- Data shown -
---+---
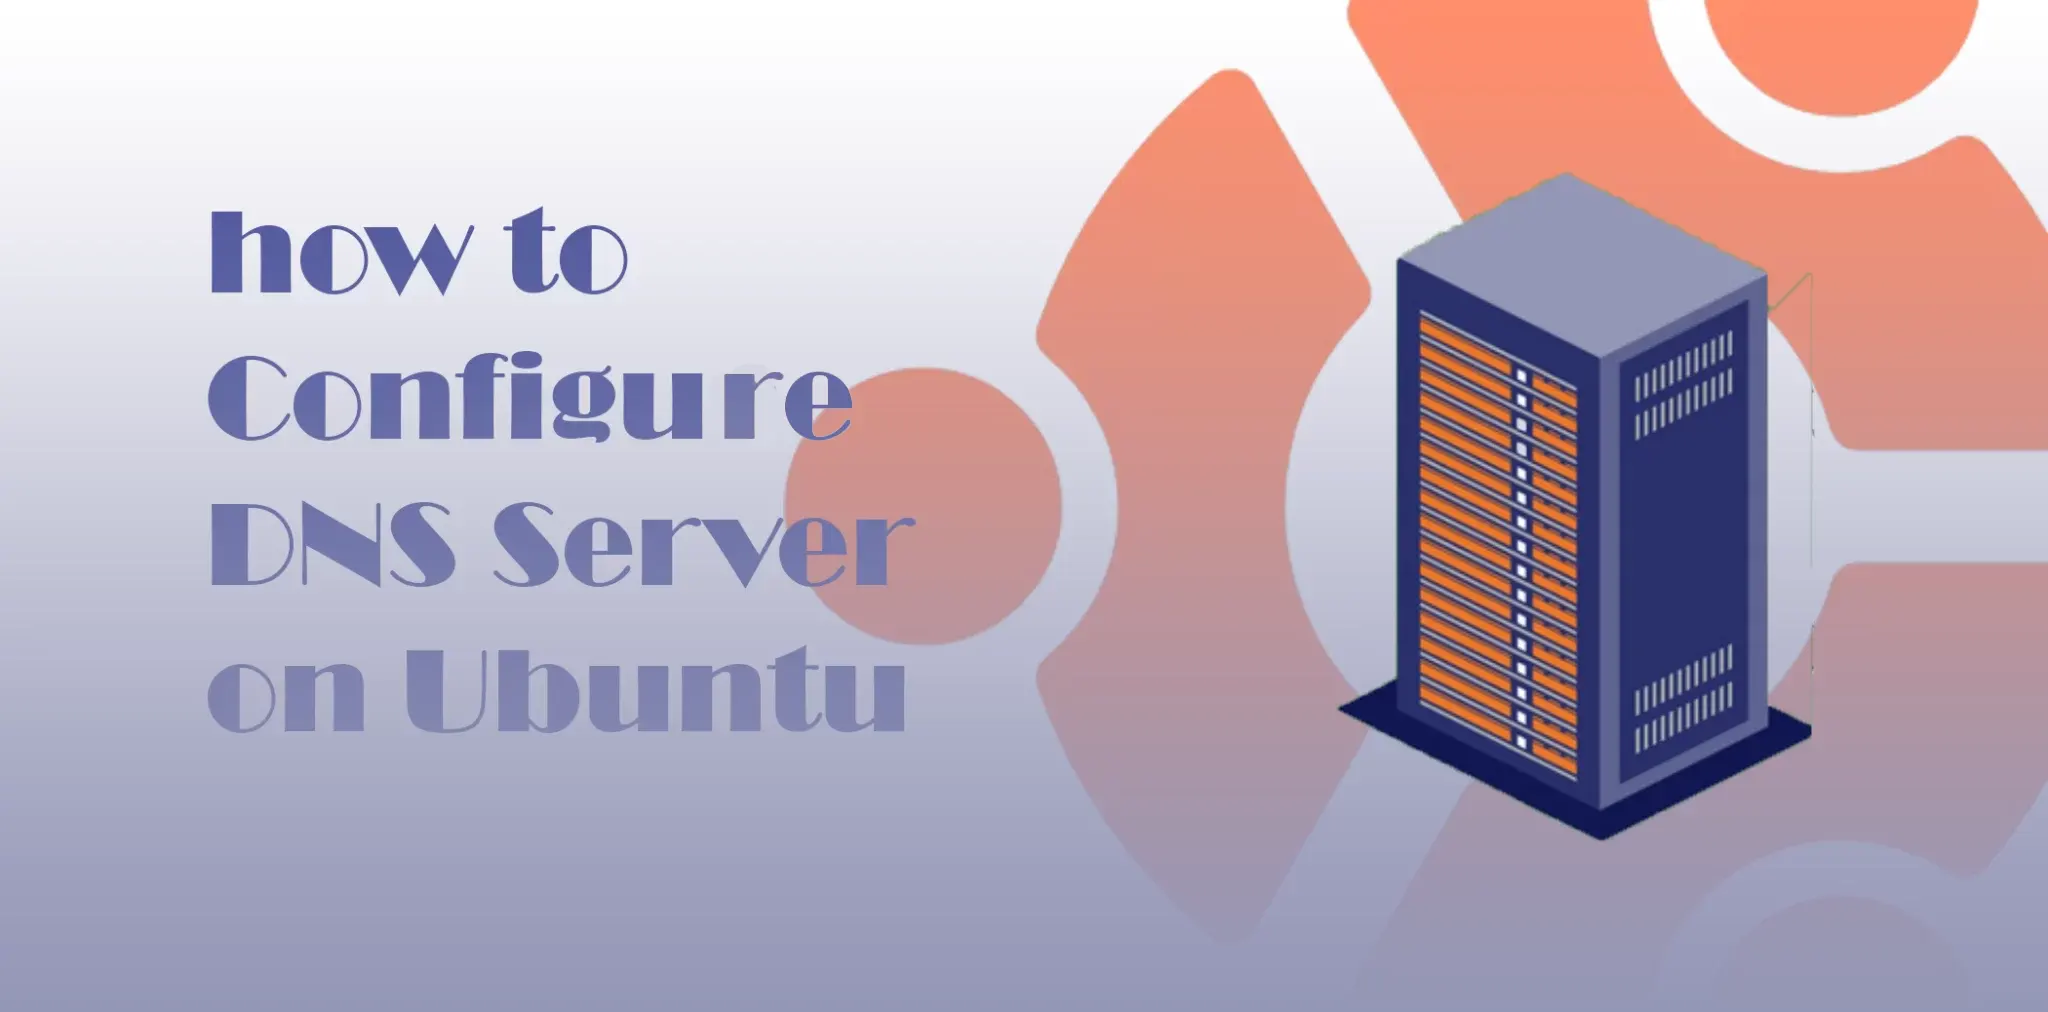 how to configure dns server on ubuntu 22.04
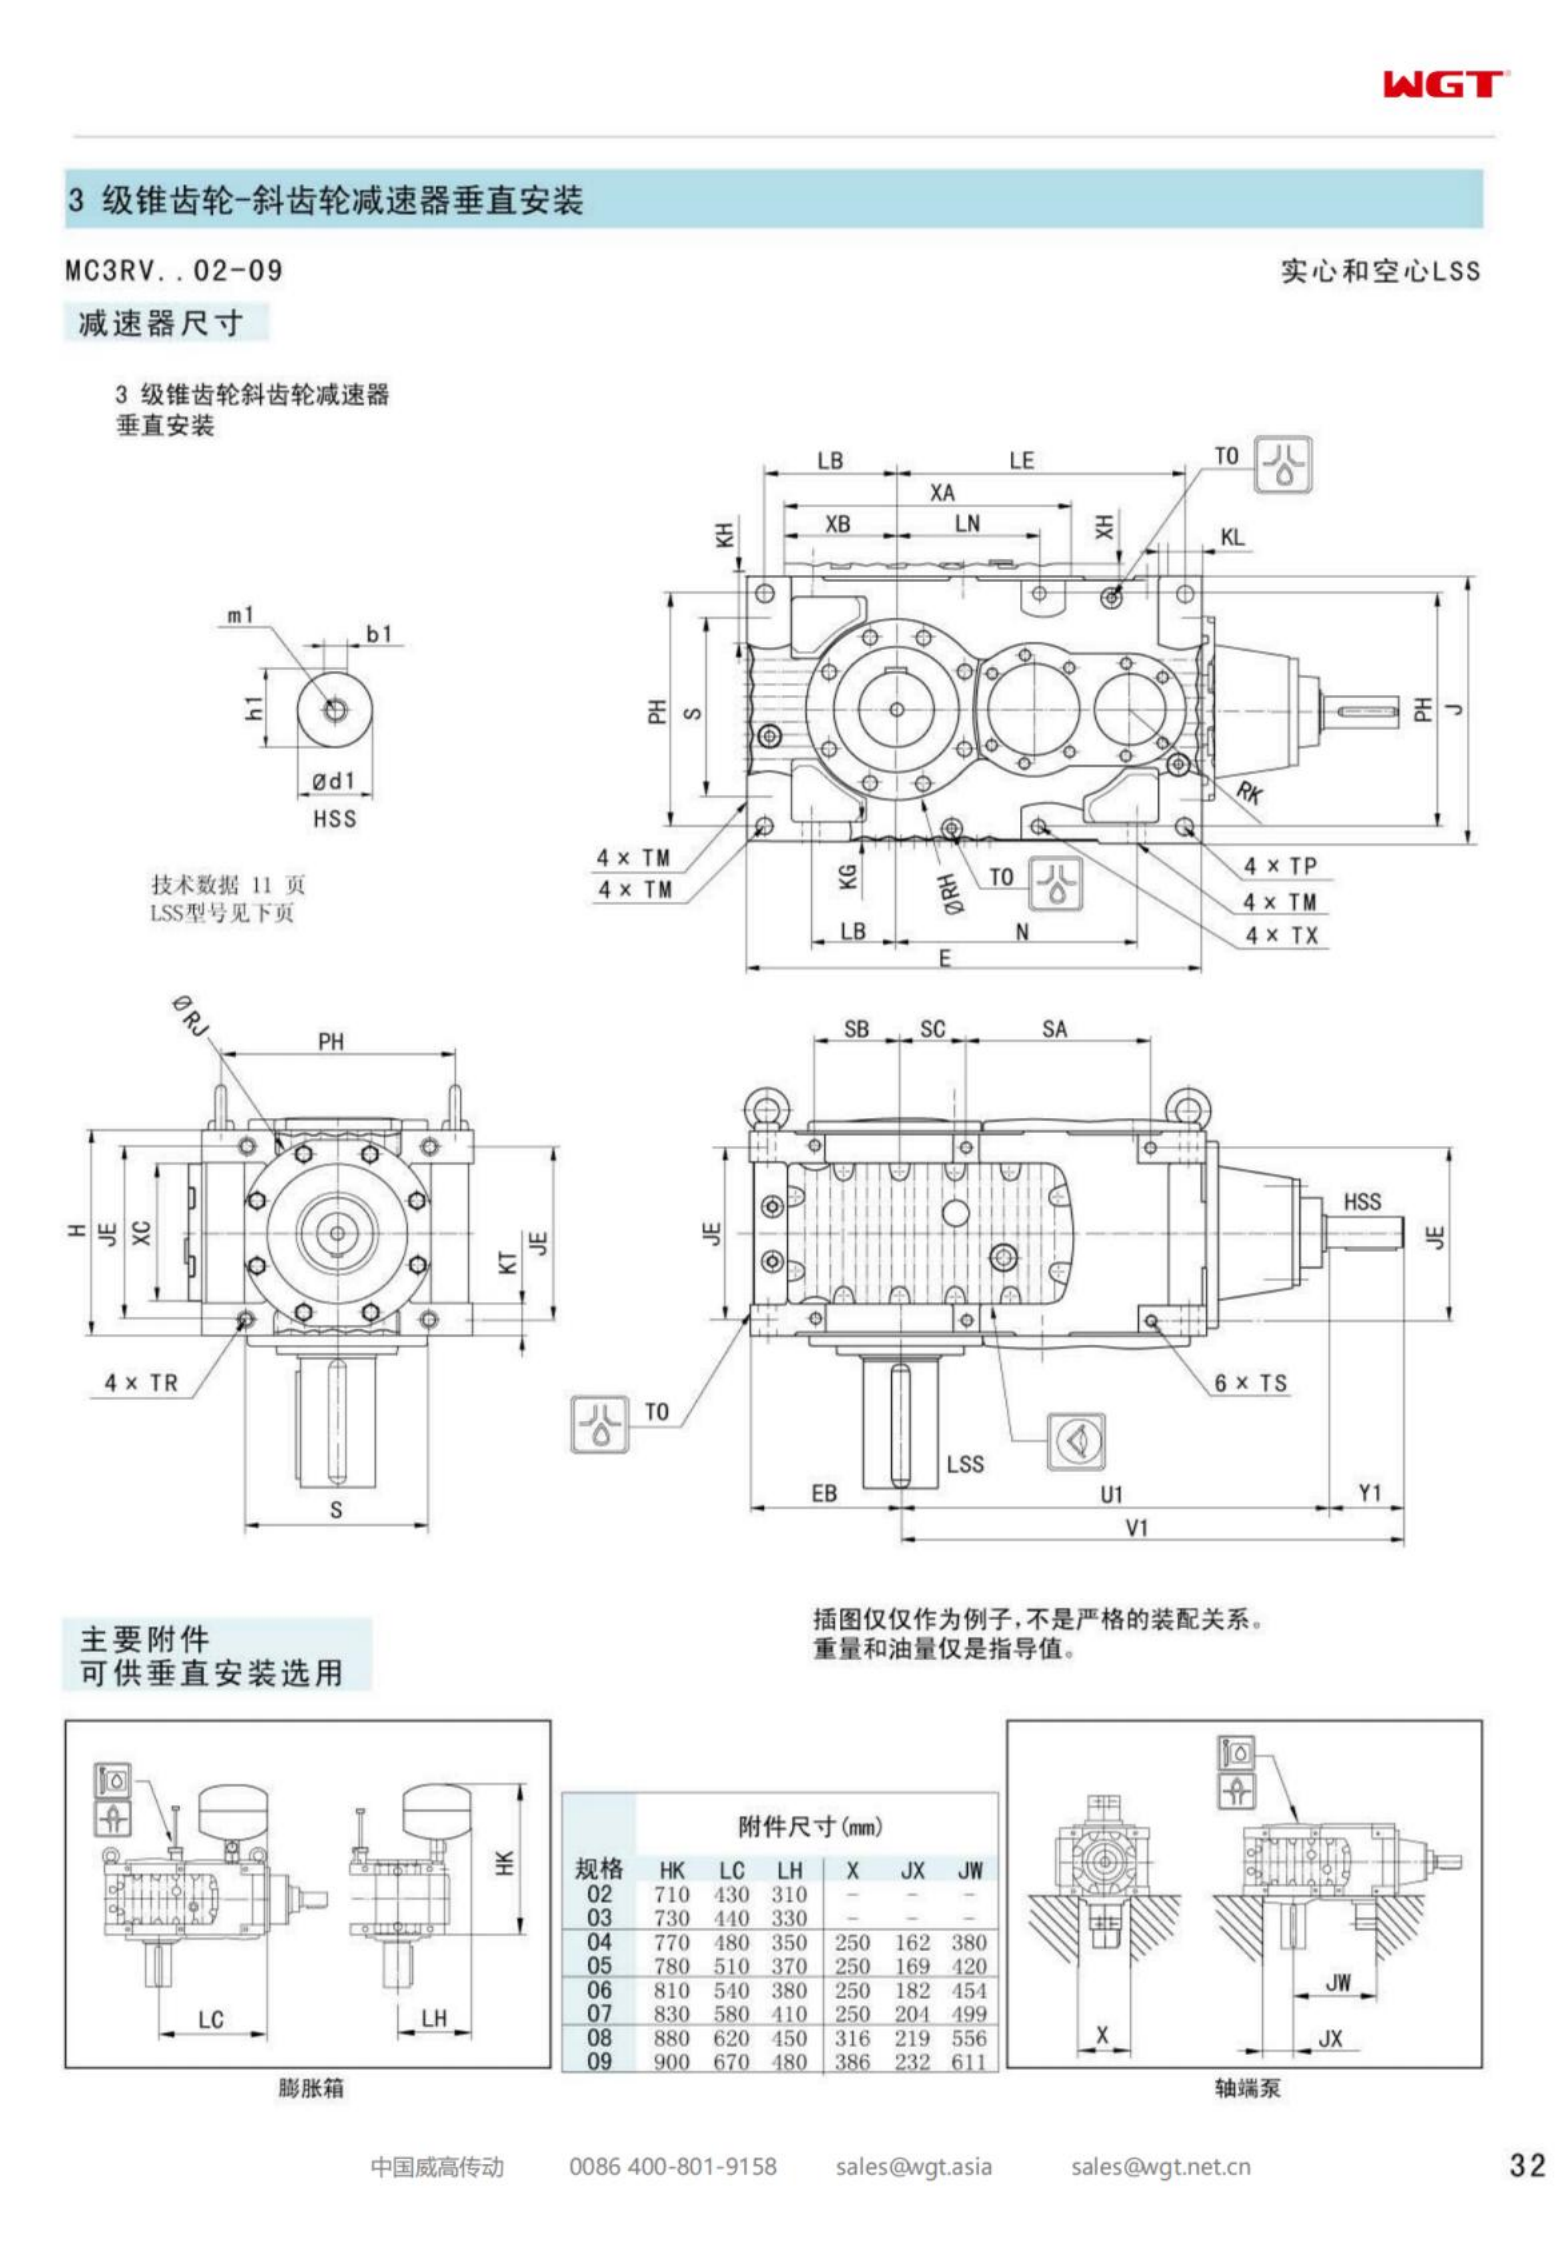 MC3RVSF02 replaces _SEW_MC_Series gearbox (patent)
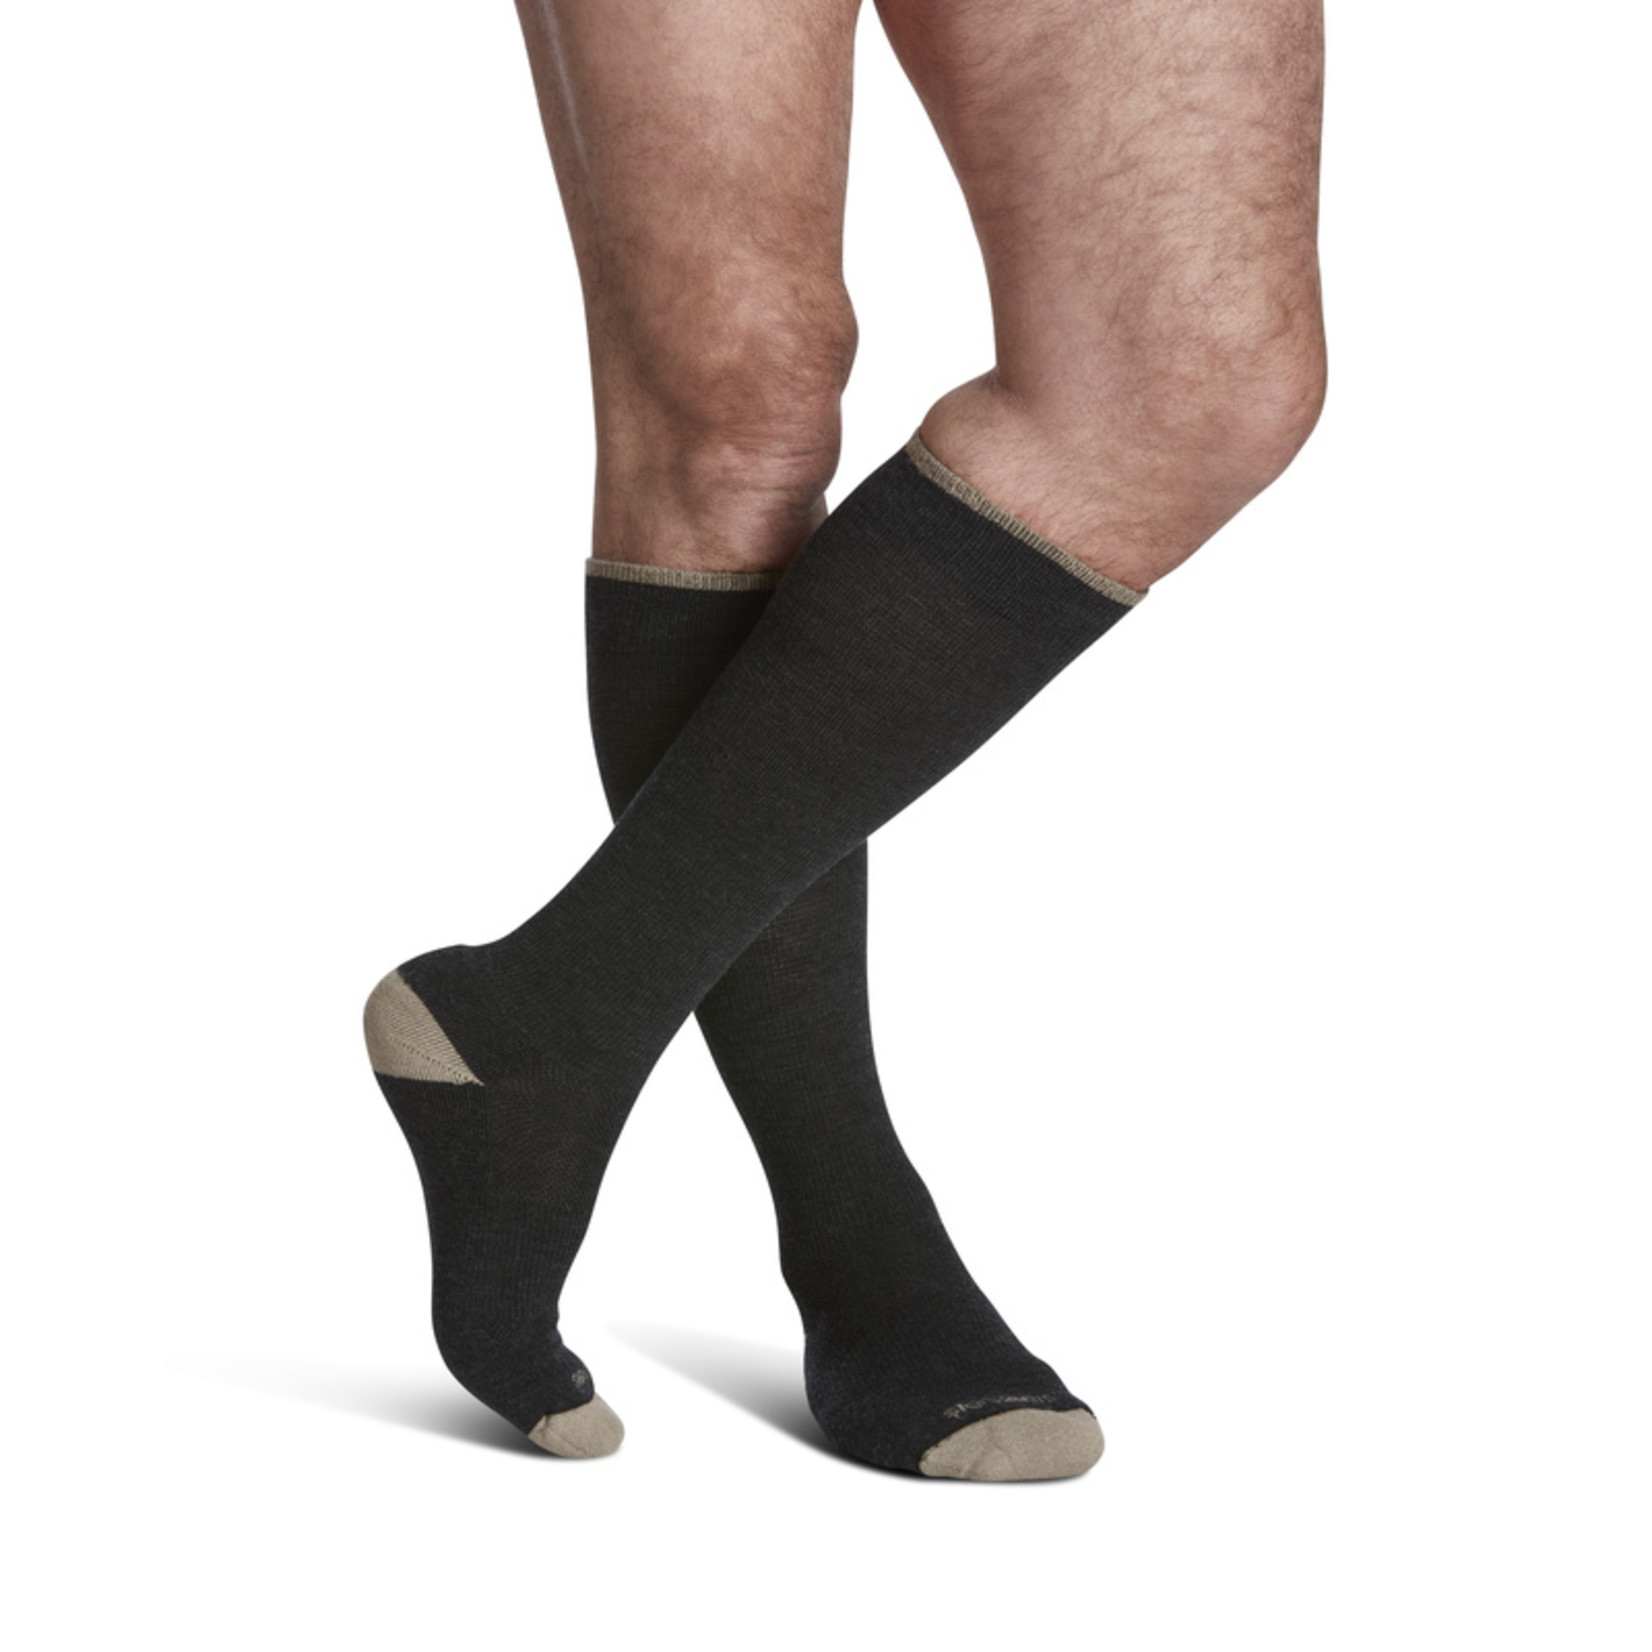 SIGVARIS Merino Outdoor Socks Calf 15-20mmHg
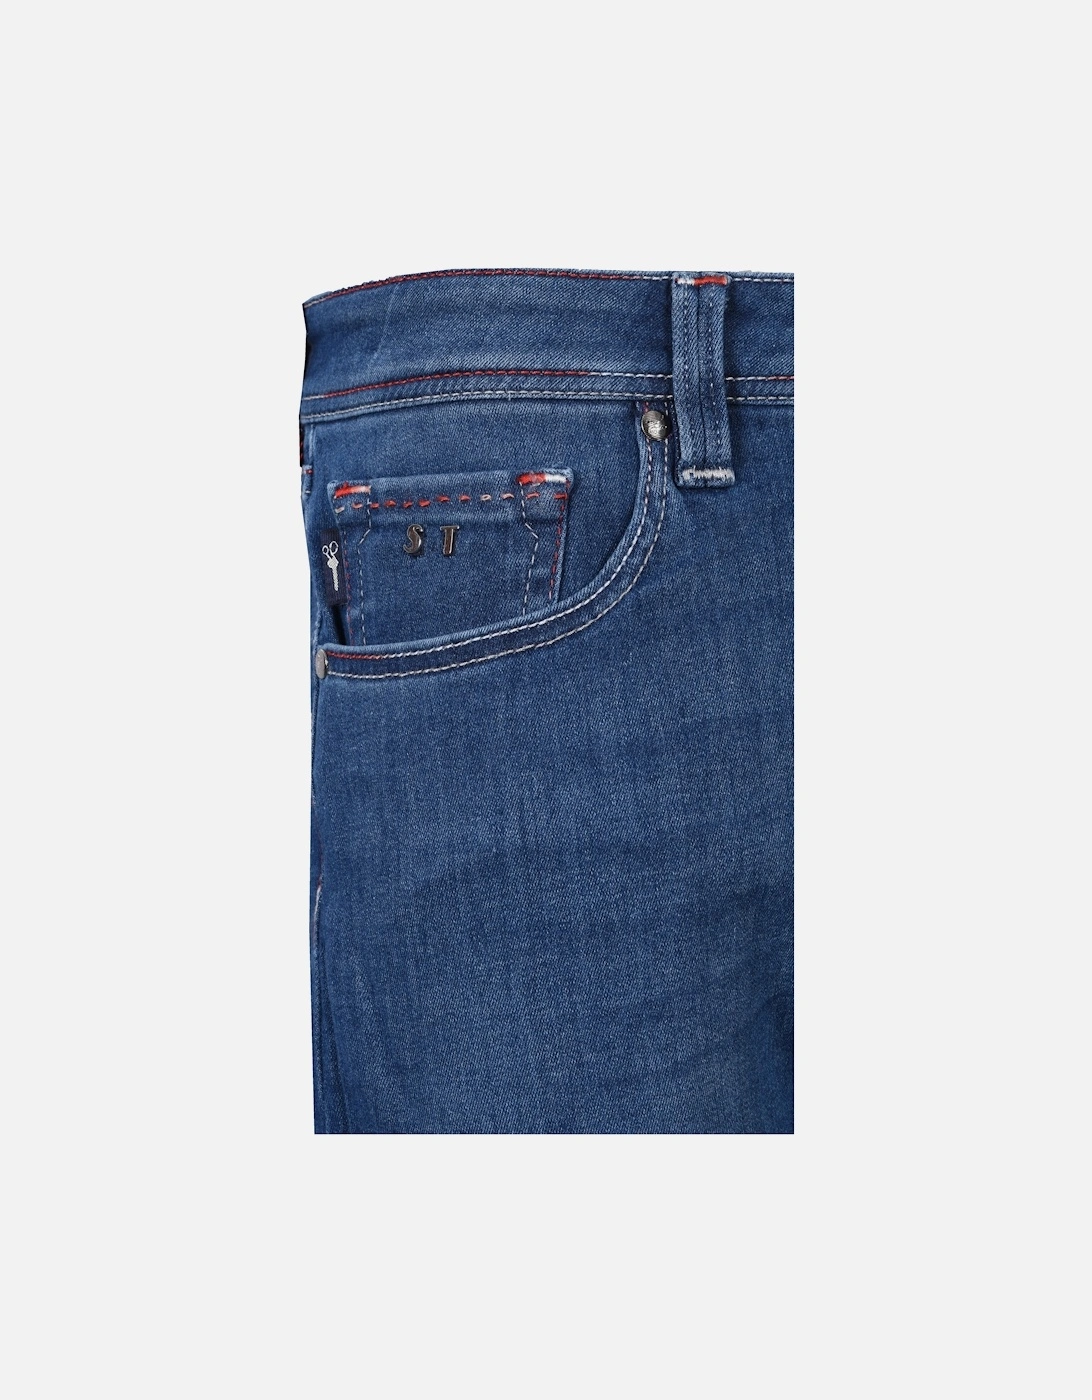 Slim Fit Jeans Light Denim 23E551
---+---
- What to do -
Your task is to reproduce exactly the lines from the one that holds "MC3RVSF02 replaces _SEW_MC_Series" to the last line of the listing, and only those, omitting the pictures.

- Solved exercise -
 MC3RVSF02 replaces _SEW_MC_Series gearbox (patent)
 SIGVARIS Merino Outdoor Socks Calf 15-20mmHg
 Slim Fit Jeans Light Denim 23E551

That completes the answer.